I write about strace and kernel programming on this blog, but at work I actually mostly work on machine learning, and it’s about time I started writing about it! Disclaimer: I work on a data analysis / engineering team at a tech company, so that’s where I’m coming from.
When I started trying to get better at machine learning, I went to Kaggle (a site where you compete to solve machine learning problems) and tried out one of the classification problems. I used an out-of-the-box algorithm, messed around a bit, and definitely did not make the leaderboard. I felt sad and demoralized – what if I was really bad at this and never got to do math at work?! I still don’t think I could win a Kaggle competition. But I have a job where I do (among other things) machine learning! What gives?
To back up from Kaggle for a second, let’s imagine that you have an awesome startup idea. You’re going to predict flight arrival times for people! There are a ton of decisions you’ll need to make before you even start thinking about support vector machines:
Understand the business problem
If you want to predict flight arrival times, what are you really trying to do? Some possible options:
- Help the airline understand which flights are likely to be delayed, so they can fix it.
- Help people buy flights that are less likely to be delayed.
- Warn people if their flight tomorrow is going to be delayed
I’ve spent time on projects where I didn’t understand at all how the model was going to fit into business plans. If this is you, it doesn’t matter how good your model is. At all.

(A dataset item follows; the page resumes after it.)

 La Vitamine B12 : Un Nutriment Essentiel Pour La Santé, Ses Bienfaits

Understanding the business problem will also help you decide:
- How accurate does my model really need to be? What kind of false positive rate is acceptable?
- What data can I use? If you’re predicting flight days tomorrow, you can look at weather data, but if someone is buying a flight a month from now then you’ll have no clue.

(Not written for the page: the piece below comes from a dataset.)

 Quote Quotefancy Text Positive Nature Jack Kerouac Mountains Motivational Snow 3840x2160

Choose a metric to optimize
Let’s take our flight delays example. We first have to decide whether to do classification (“will this flight be delayed for at least an hour”) or regression (“how long will this flight be delayed for?”). Let’s say we pick regression.

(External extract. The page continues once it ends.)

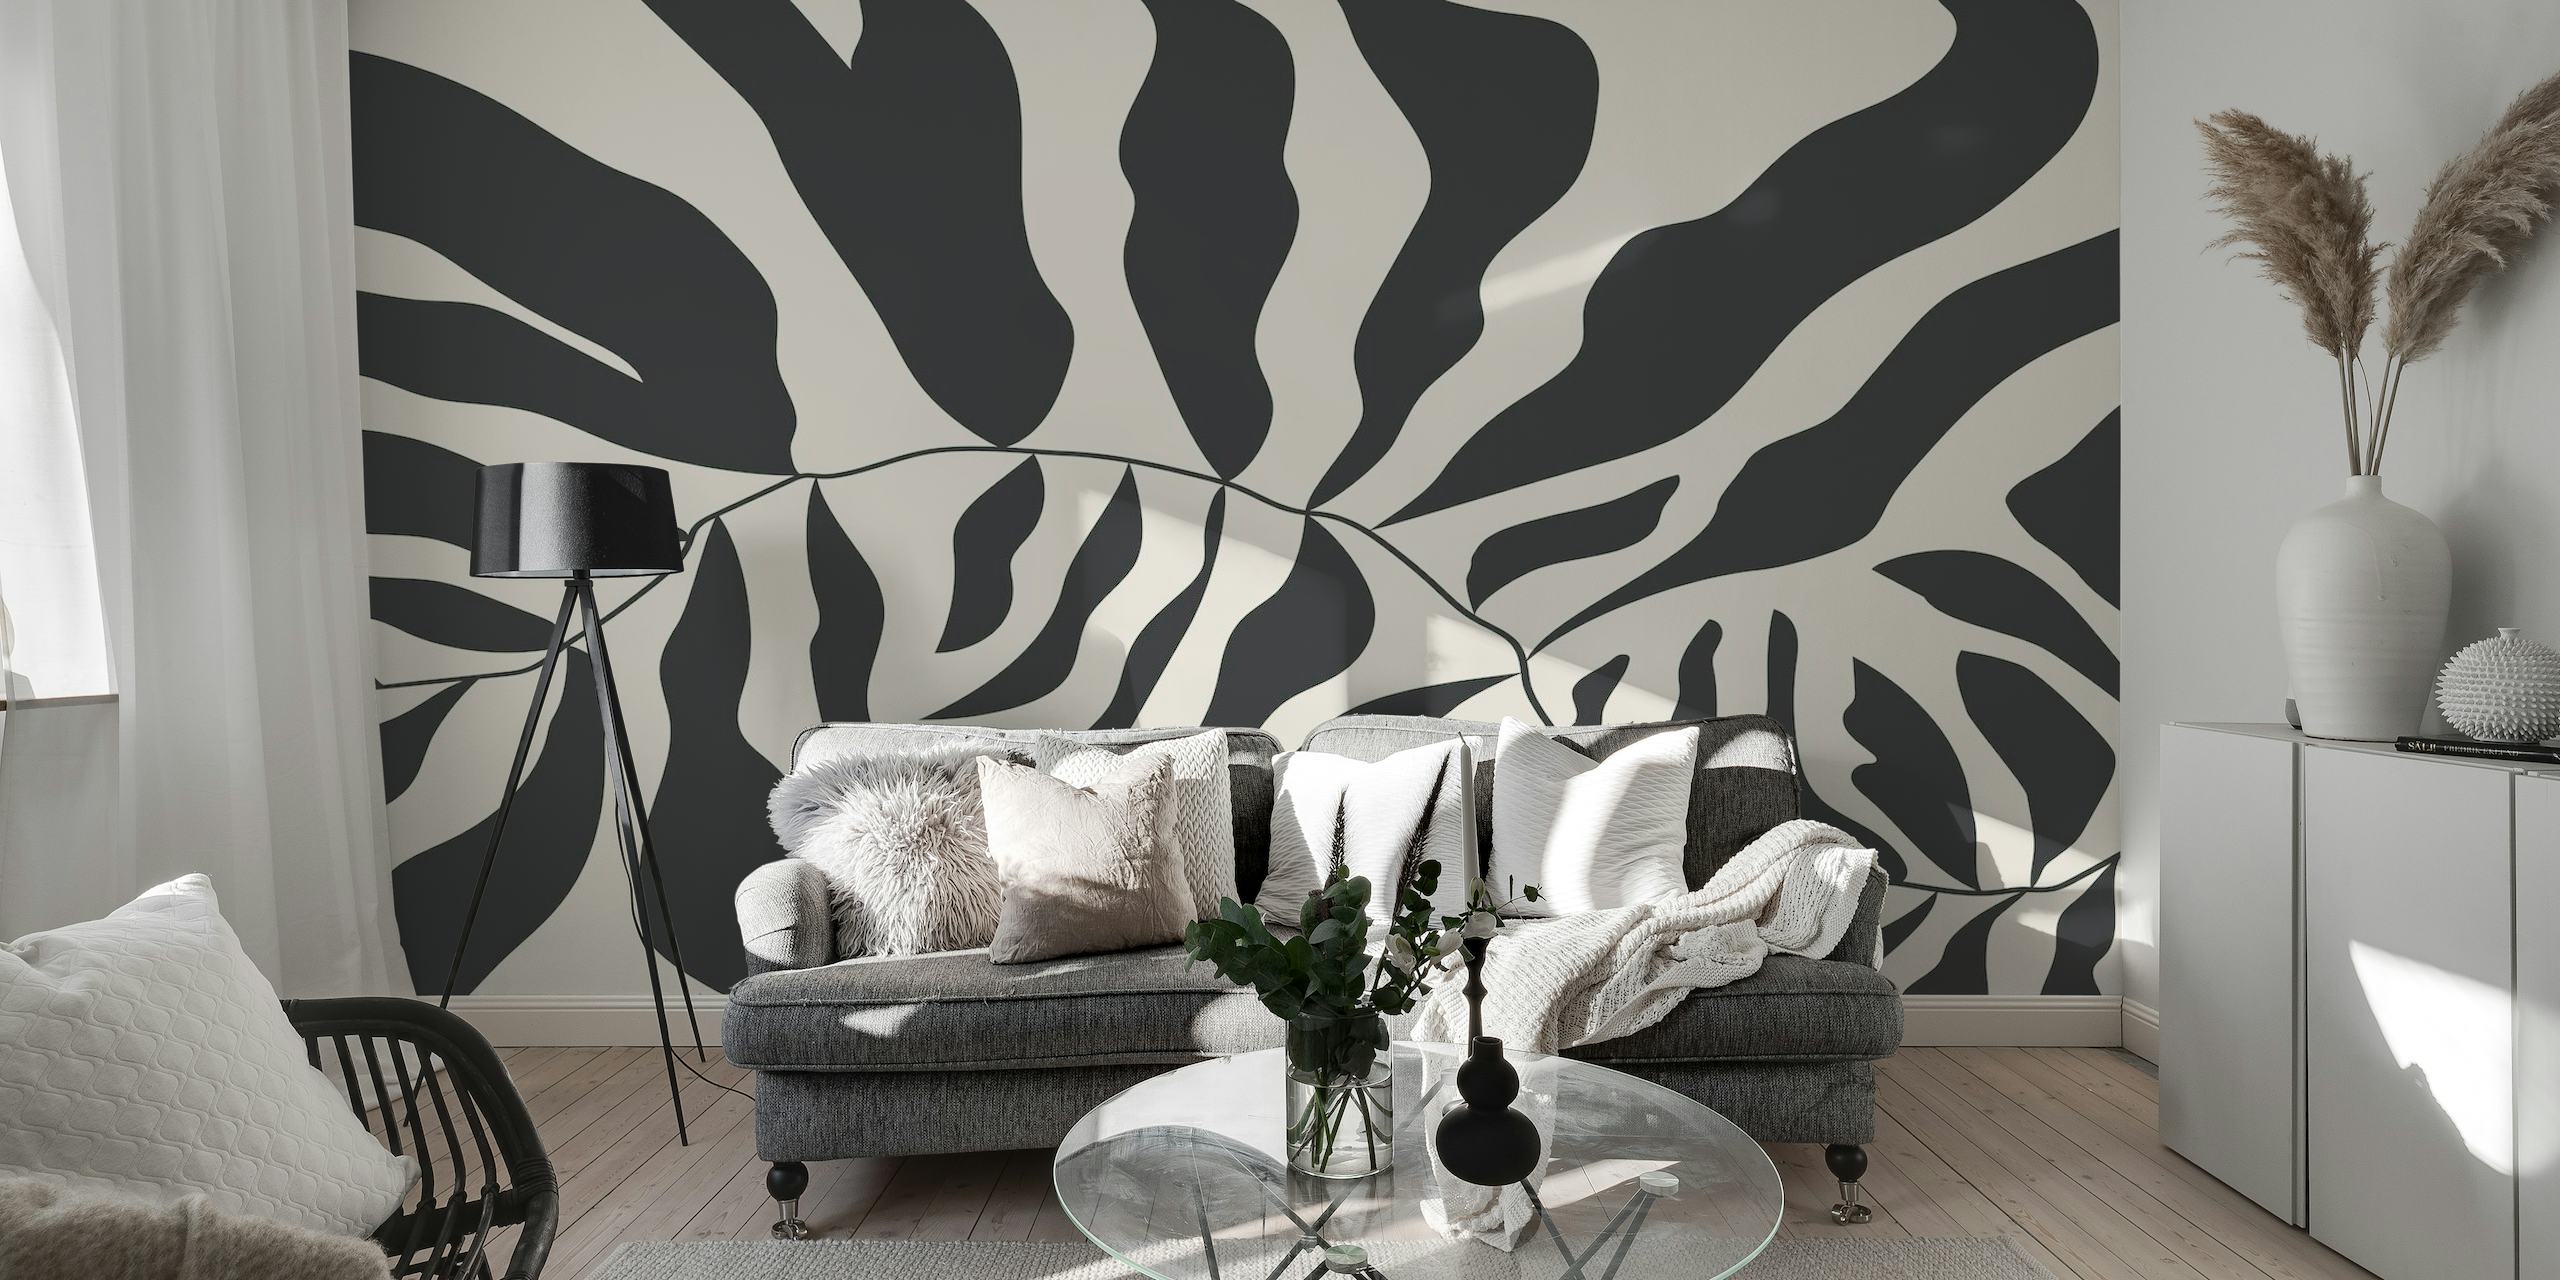 Zwart-wit abstracte Matisse-stijl muurschildering met organische vormen

People often optimize the sum of squares because it has nice statistical properties. But mispredicting a flight arrival time by 10 hours and by 20 hours are pretty much equally bad. Is the sum of squares really appropriate here?
Decide what data to use
Let’s say I already have the airline, the flight number, departure airport, plane model, and the departure and arrival times.
Should I try to buy more specific information about the different plane models (age, what parts are in them..)? Really accurate weather data? The amount of information available to you isn’t fixed! You can get more!
Clean up your data
Once you have data, your data will be a mess. In this flight search example, there will likely be
- airports that are inconsistently named
- missing delay information all over the place
- weird date formats
- trouble reconciling weather data and airport location
Cleaning up data to the point where you can work with it is a huge amount of work. If you’re trying to reconcile a lot of sources of data that you don’t control like in this flight search example, it can take 80% of your time.
Build a model!
This is the fun Kaggle part. Training! Cross-validation! Yay!
Now that we’ve built what we think is a great model, we actually have to use it:
Put your model into production
Netflix didn’t actually implement the model that won the Netflix competition because it was too complicated.
If you trained your model in Python, can you run it in production in Python? How fast does it need to be able to return results? Are you running a model that bids on advertising spots / does high frequency trading?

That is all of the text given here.